What is special about the Star 8 cable? I am asking as amateur who knows nothing about how cables might effect sound so forgive me if this is basic information.
The whole story:
A True-ribbon driver is almost a dead-short connection, it has only about 0.02-0.05 Ohms.
To be able to connect that to an amp without blowing it, you need to raise that to some impedance that amps can use, say 32 Ohms.
You use a transformer for that.
Transformer has a fixed transformation ratio and will multiply whatever impedance is at its secondary by a specific number.
With the best known method for reducing parasitic inductance, it has ~1uH of parasitic inductance in the secondary.
A headphone cable connects the transformer with the ribbon driver. It needs to have a certain, usable length, say 6ft.

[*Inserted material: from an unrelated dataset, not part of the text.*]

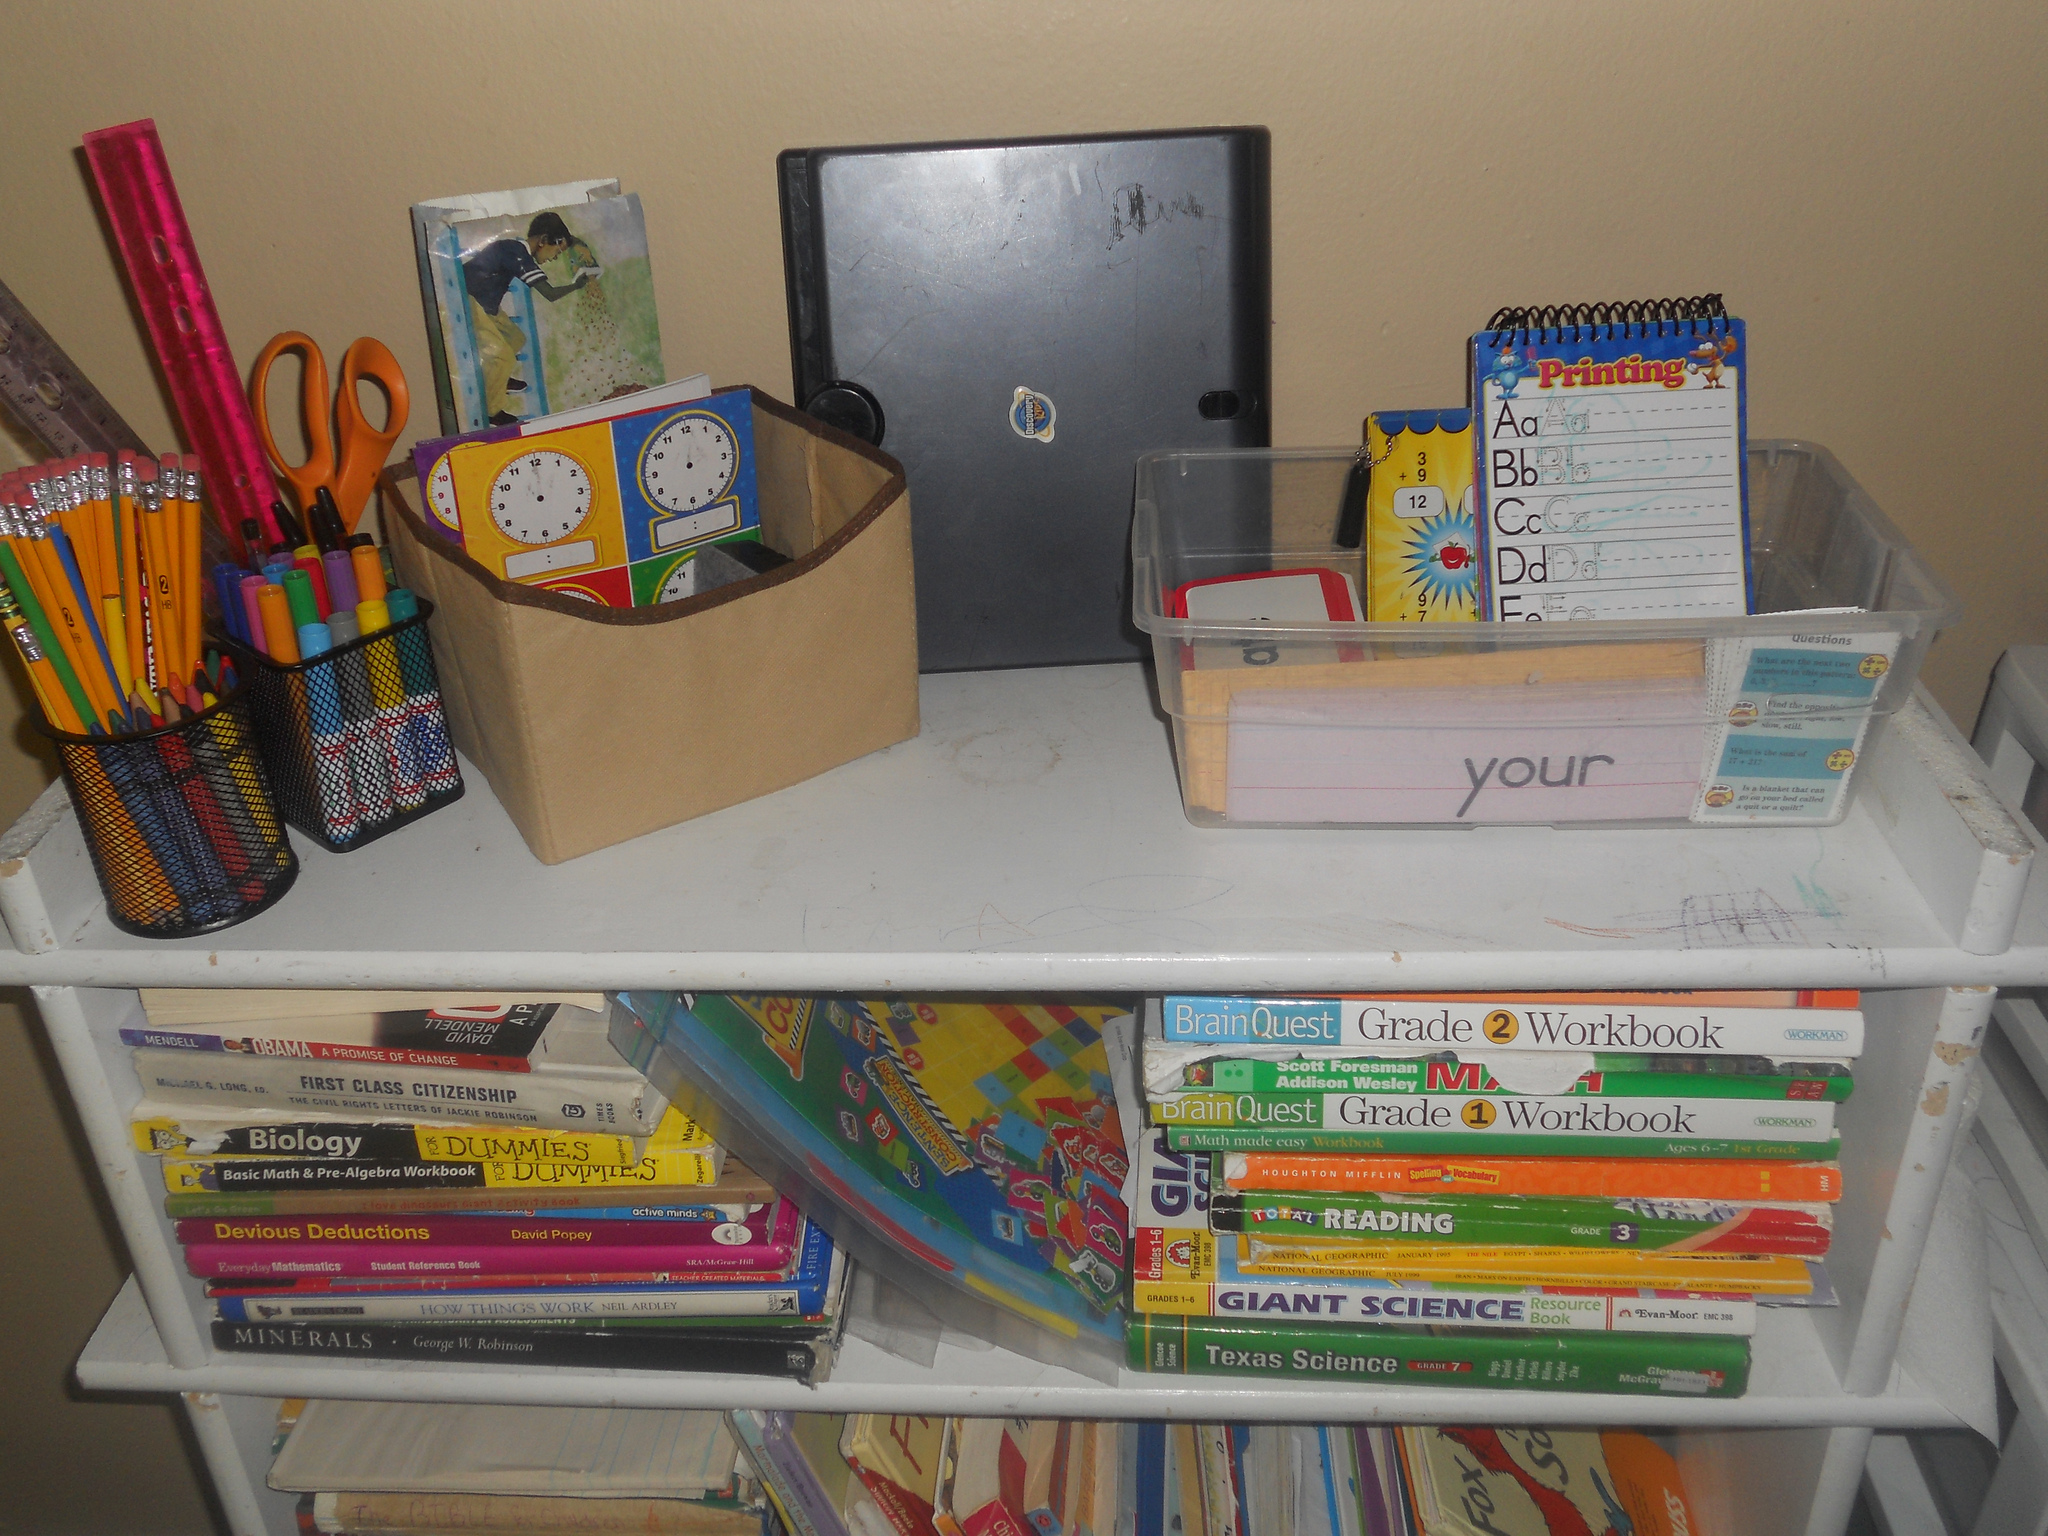 4 Things You Can Do Today to Teach Your Child How to Be Organized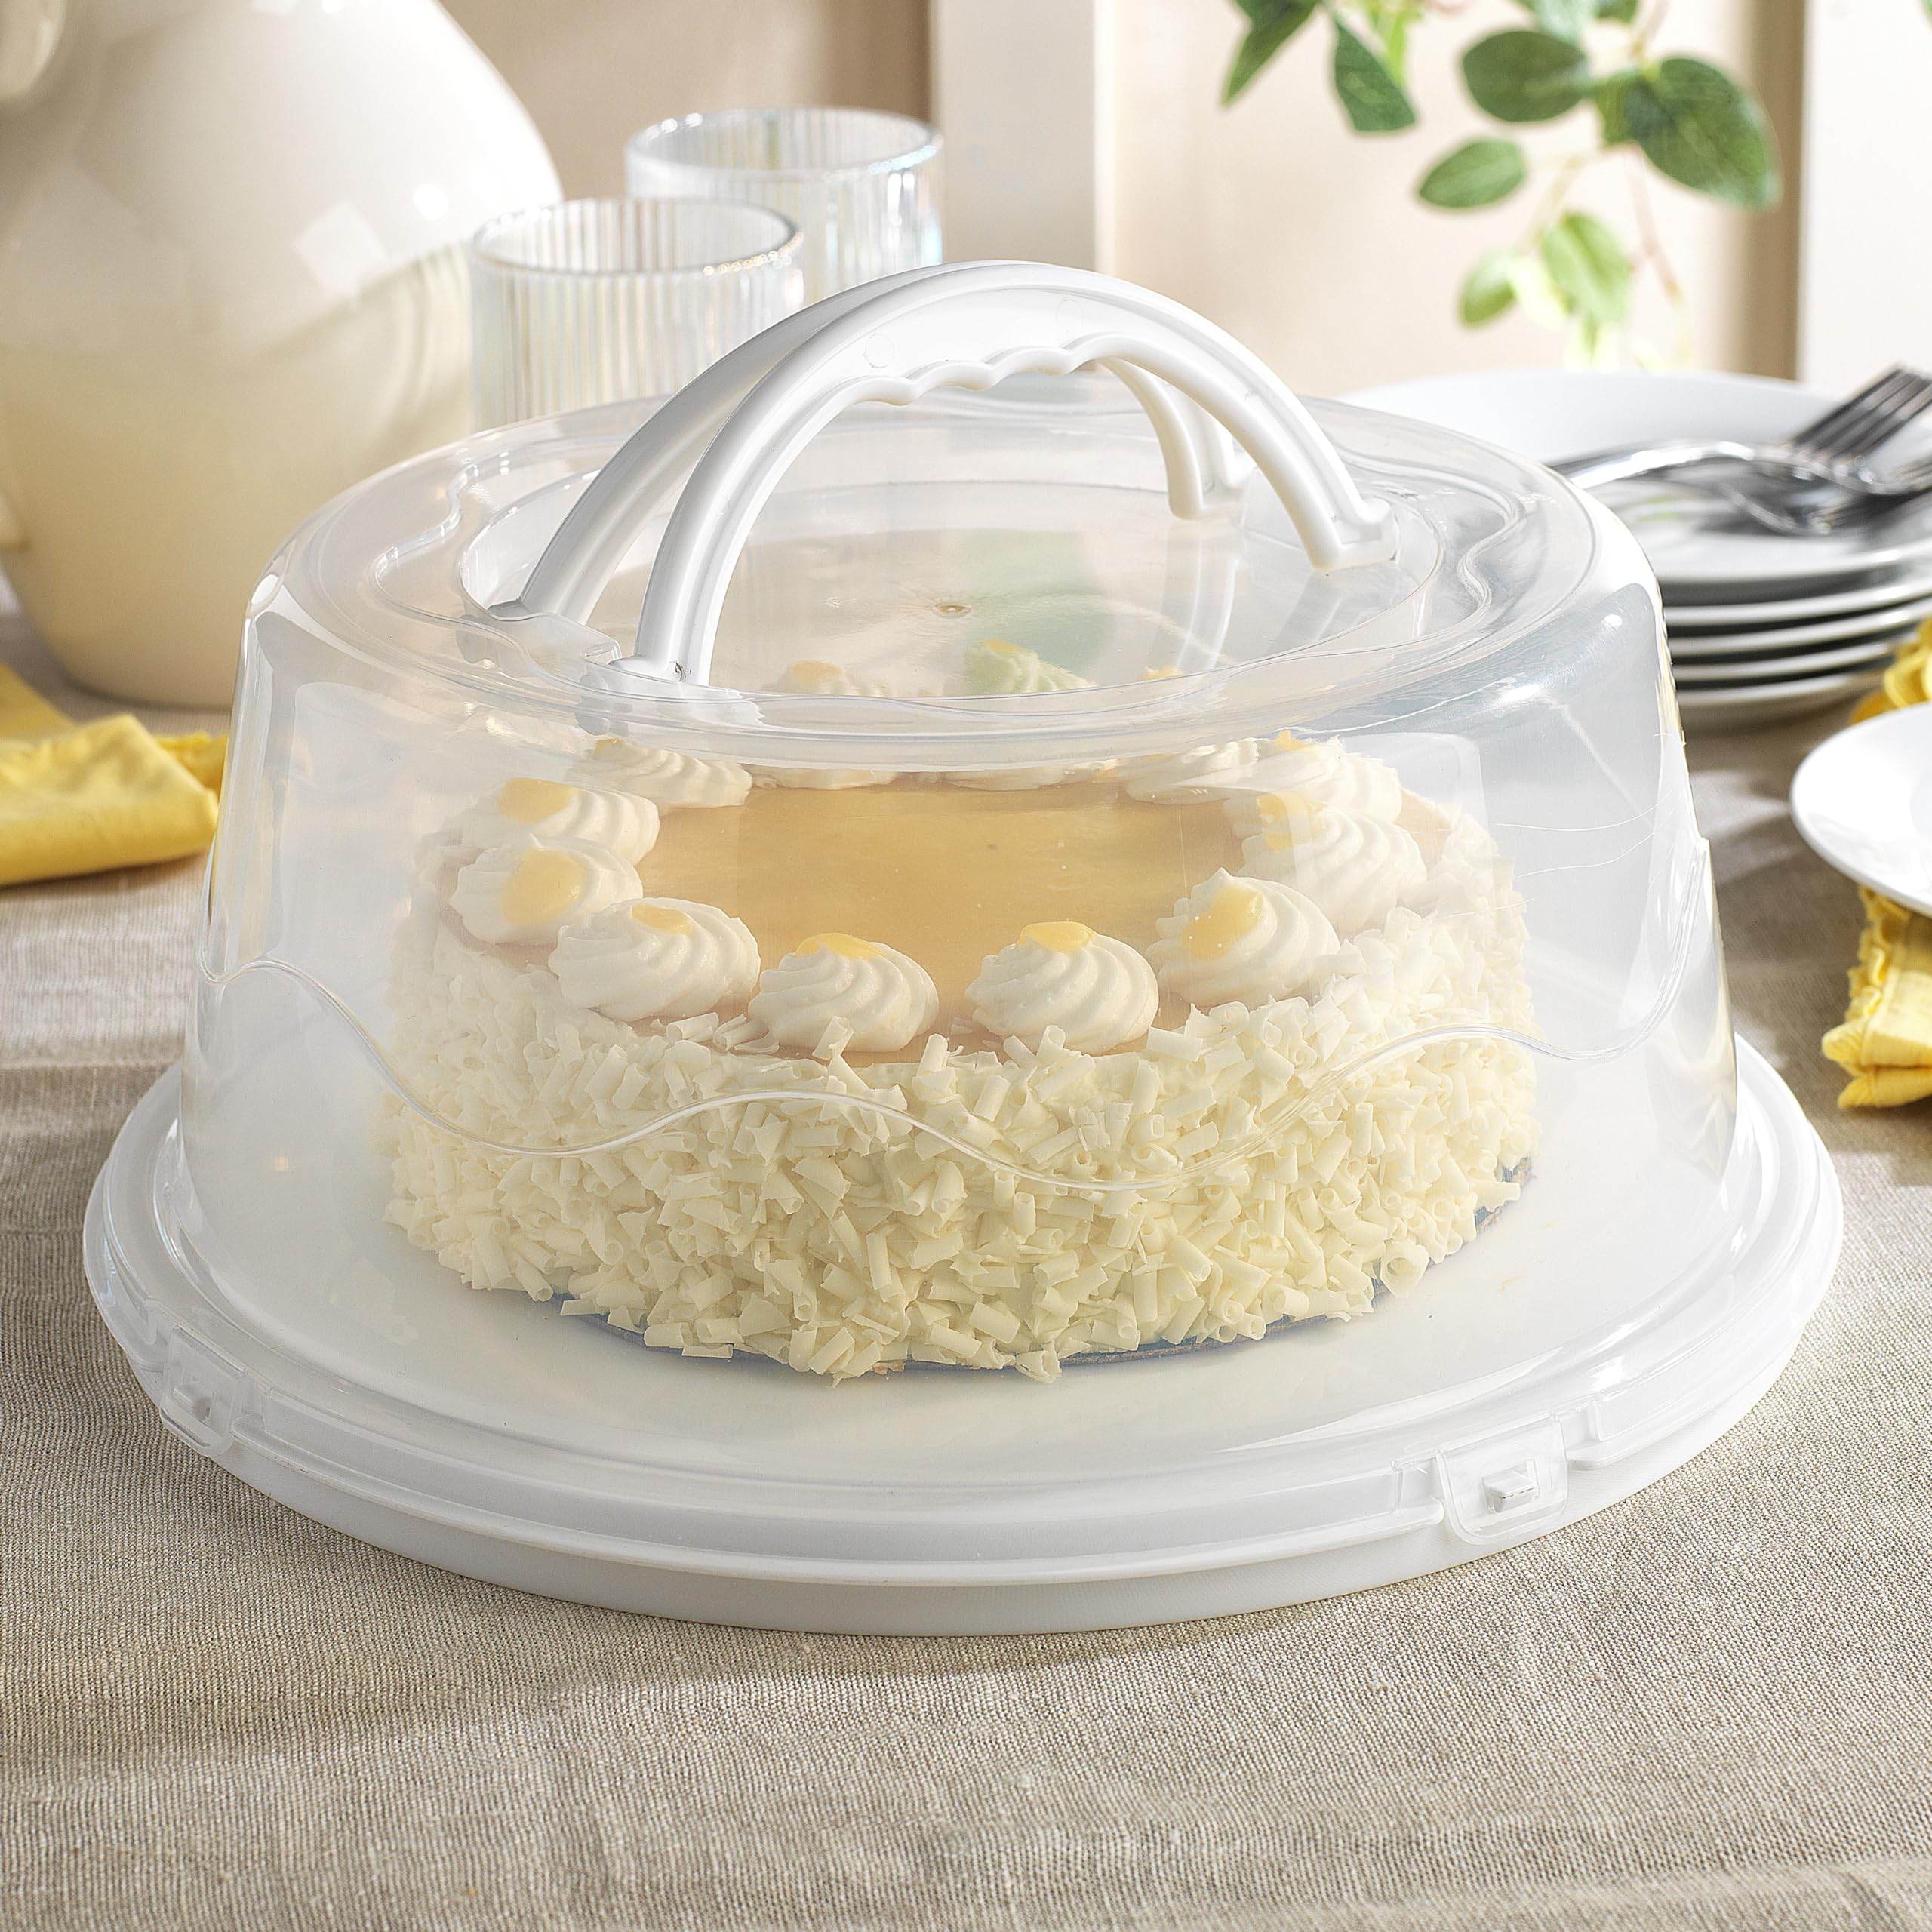 MosJos Round Cake Carrier, BPA-Free Plastic Cake Keeper with Lid, Fits 10� Cakes, Four Secure Side Closures, Dishwasher Safe Cake Transport Container (White)  - Very Good

At 6ft, with the best known but still practical method for reducing parasitic inductance of a cable at that length, we can reach down to 0.4uH.
Combined with the transformer's 1uH, that gives us the total of 1.4uH of parasitic inductance in the circuit.
To get a 30kHz of bandwidth with that inductance, the cable must have a resistance of 0.263 Ohms.
If it would have half as much resistance, like many headphone cables these days, the bandwidth would be 15kHz.
So, the chosen resistance for both cables we offer is ~ 0.25 Ohms.
Together with ribbon driver, that comes to be between 0.27 and 0.3 Ohms.
The transformer ratio is chosen to convert that to 32 (or 8) Ohms.
So, the cable that goes from Transformer Interface to ribbon headphones should have 0.25 Ohms and up to 0.8uH for the amp to see 32 Ohms at the transformer primary and that bandwidth doesn't drop to less than 25kHz.
Any cable manufacturer can make that if they wanted to. I have published those technical requirements before.
I don't know if anyone have met the requirements, or if they care, as they haven't published cable data.
STAR-8 and Satis are designed for a set of required specs and to my knowledge, we are the only ones that offer it with exact specs.
With STAR-8 we do annealing cycles of it after twisting, to make it sound good and smooth, yet detailed. This is related to mechanical behavior of wires under high currents in close vicinity to one another and how they attract and repel each other and if they will resonate if allowed to move...
Also, I never pleat wires of two channels together, so our cables don't have crosstalk. That clears up the midrange a lot.
So, it's a product of the necessity of driving the ribbons with normal headphone amps.
It belongs to a transformer-cable-ribbon system that is not free to play with, if you want to keep the specified impedance that the amps sees and high enough extension of highs.